Maybe it’s illegal after all.
3 comments:
Every time I see a story like this, I can’t help but think that somewhere deep in the bowels of the DOJ’s Civil Rights Division there is at least one office drone taking notes so that when future conditions are ripe they can hammer these companies with a suit for disparate-impact discrimination.
IANAL on this but my gut reaction is this has been "legal" because of reasoning very similar to the *actual* holding in Brown v. Board which (per Steve Hayward of Powerline) is that education facilities divided by race do not violate civil rights because the government can't make distinctions by race but because of the negative stigma attached to having distinctly black schools. (It was also strictly limited to education facilities, not any other government function). Effectively over time the idea that discrimination is fine so long as it works to the advantage of non-whites has expanded and filtered into pretty much every area of civil rights law, aided as well by the concept of 'disparate impact' which mandates quotas in all but name.
I think William Jacobsen's Equal Protection Project has been having considerable success in going after the more egregious post-George Floyd programs that don't make race and sex one factor (even if as you note they are *the* deciding factor) but are explicitly qualified for one ethnic group.

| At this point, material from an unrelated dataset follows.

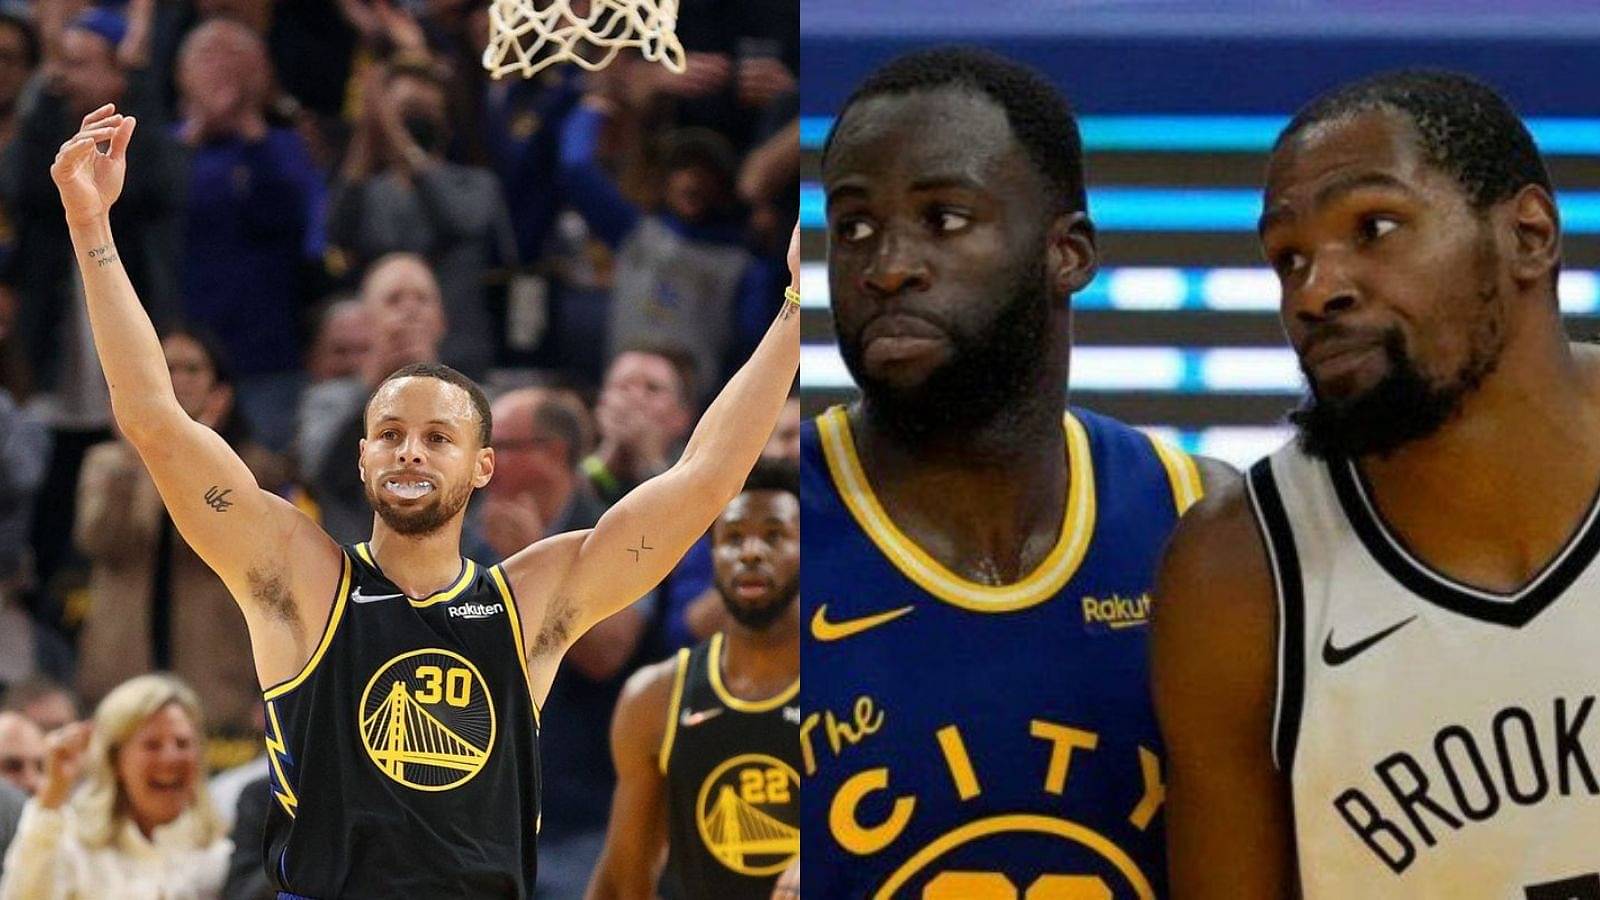 “Kevin Durant, don’t listen to snippets and get baited into tweeting Champ!”: Draymond Green and The Slim Reaper go back and forth on Twitter discussing Stephen Curry’s legacy

Steve Hsu, who was Dean of Research at Michigan State has fought against this because it is indeed illegal, as he kept reminding various departments. It gets reported, including to the legislatures who passed the laws and fund the place, but nothing happens. He believes that just as the liberals only want a visible show of diversity, the conservatives only want to pose as being against reverse racism. Neither wants to actually do anything.